Earth systems models view the world as a complex series of interactions between different forces. For example, natural water supplies are important to both farmers and power plant operators. The decisions farmers and powerplant operators make, in turn, affect rivers and streams. Scientists use Multi-sector Dynamics Modeling (MSD) to explore the interactions and interdependencies among human and natural systems. These systems are complex and adaptive, and they interact and co-evolve in response to short-term shocks and long-term influences and stresses. Interactions occur at local to global scales and influences often transfer across scales. Interactions across these systems often respond to stresses in non-linear ways. These systems can experience cascading effects or failures after crossing tipping points. By improving our understanding of interrelated systems, we better understand the potential trajectories, vulnerabilities, responses, and resilience of those systems. We would also better understand the structure, function, and evolution of the complex human-environmental landscapes that embody these systems.

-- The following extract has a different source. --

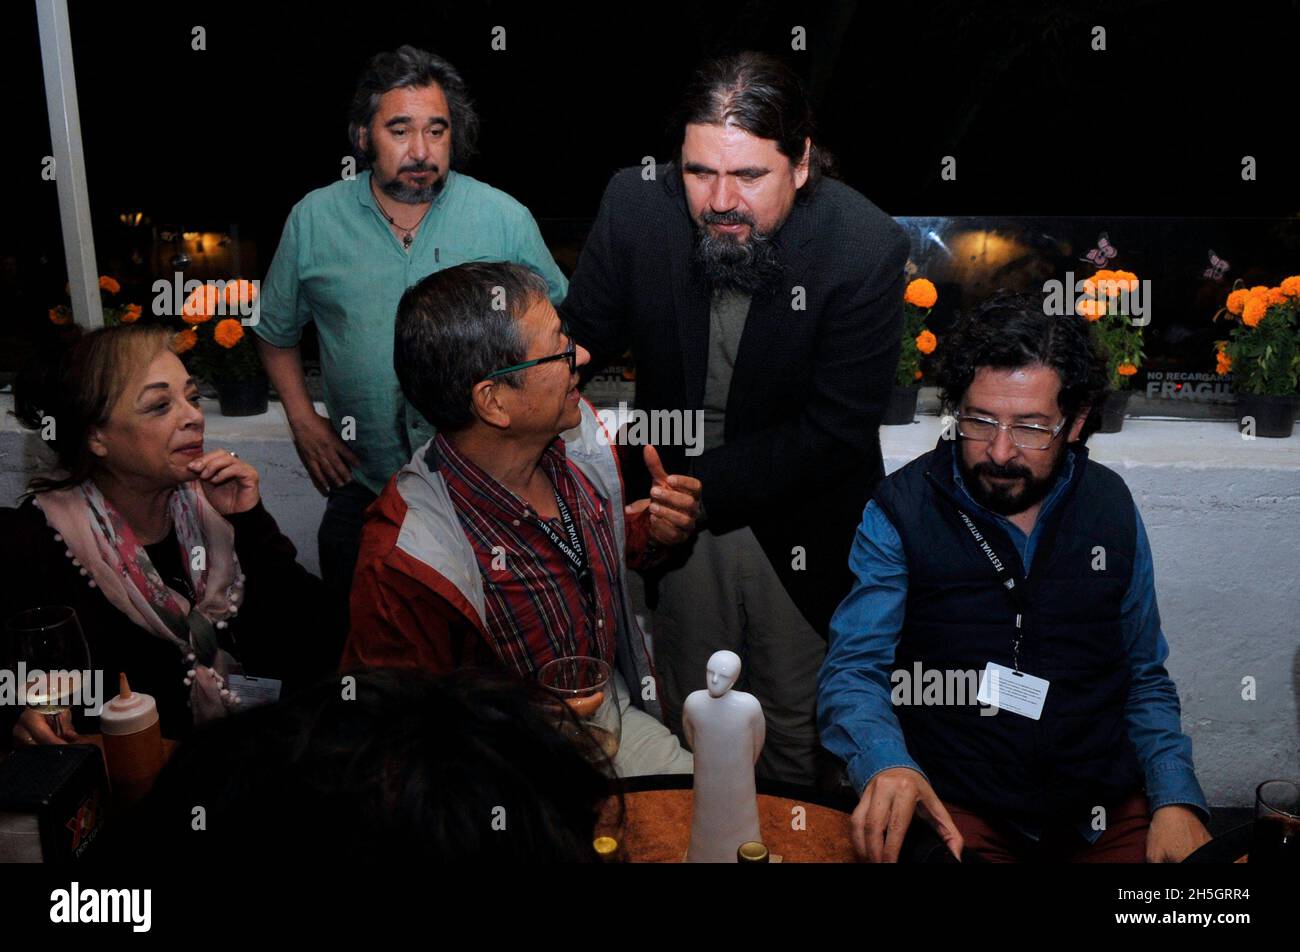 MORELIA , MÉXICO 1 November, 2021: Sonia Riquer, Sergio Raúl López, Carlos Bonfil, Jorge Caballero and Ramón Ramírez film writers during the award to Carlos Bonfil and delivery of the statuette of the Press Warrior to Journalistic Merit awarded by the Mexican Film Press Network during the 19th. Morelia International Film Festival. (Photo by Pedro Martin González Castillo/ NortePhoto Stock Photo
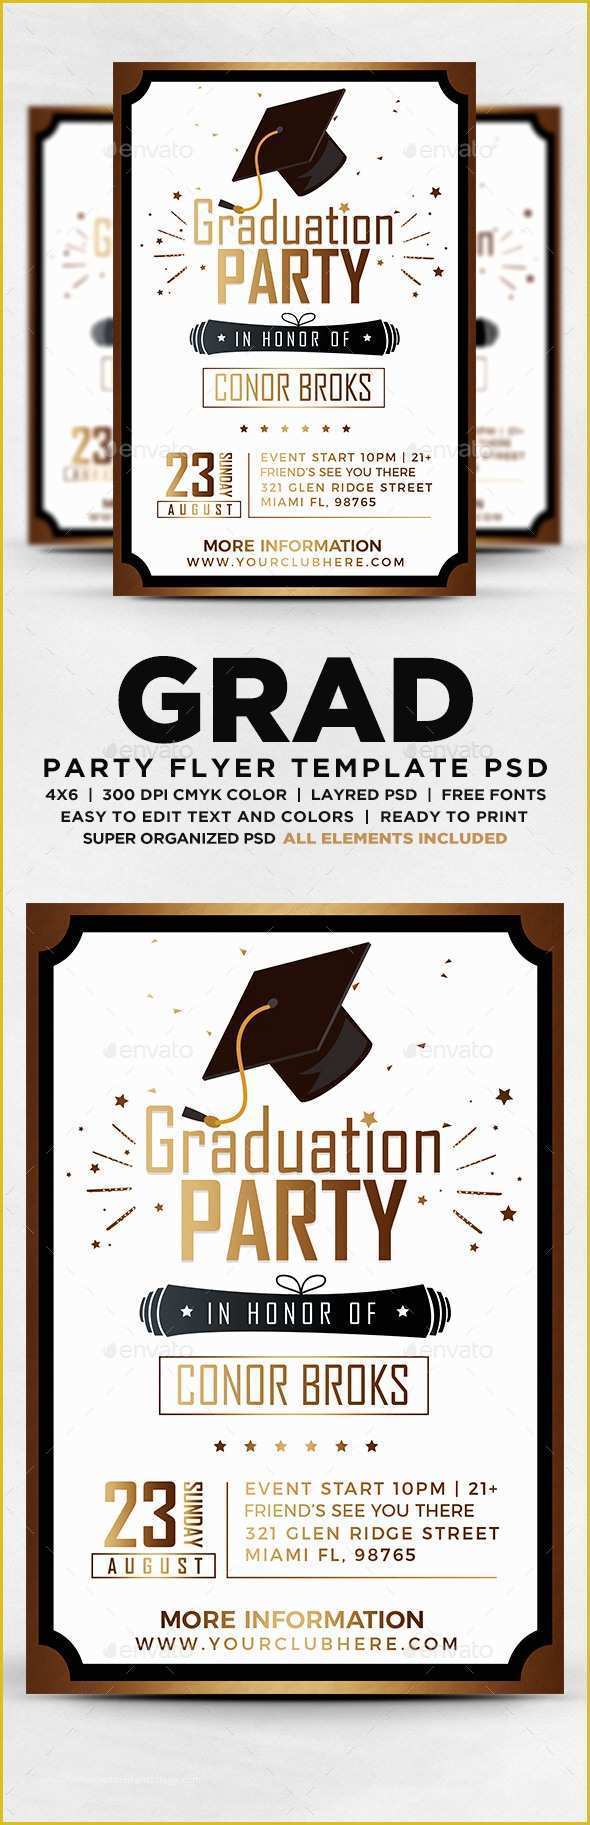 Graduation Party Flyer Template Free Of Graduation Party Flyer by Designblend

MSD often includes representations of energy, water and land systems, infrastructure, natural resources, economies, technologies, populations, climate, and weather patterns and extremes. MSD’s strength—and biggest challenge—is how it links socioeconomic, physical, engineering, and Earth system components in risk and decision-making frameworks.
DOE Office of Science & Multi-Sector Dynamics Modeling
The Office of Science (SC) supports MSD in part by fostering broad scientific use of these methods. For example, SC encourages scientists to share data and develop open-source models. These steps help tools serve the needs of many users working with many different systems.
Multi-Sector Dynamics Modeling Facts
- Earth system models generally agree that global energy demand, with expected climate warming, will increase by 25-58% by 2050.
- Models find that at present, about 45% of water withdrawals in America’s rivers and streams are for energy applications. These applications range from thermo-electric cooling (for example, for fossil and nuclear power plants) to domestic oil and gas recovery.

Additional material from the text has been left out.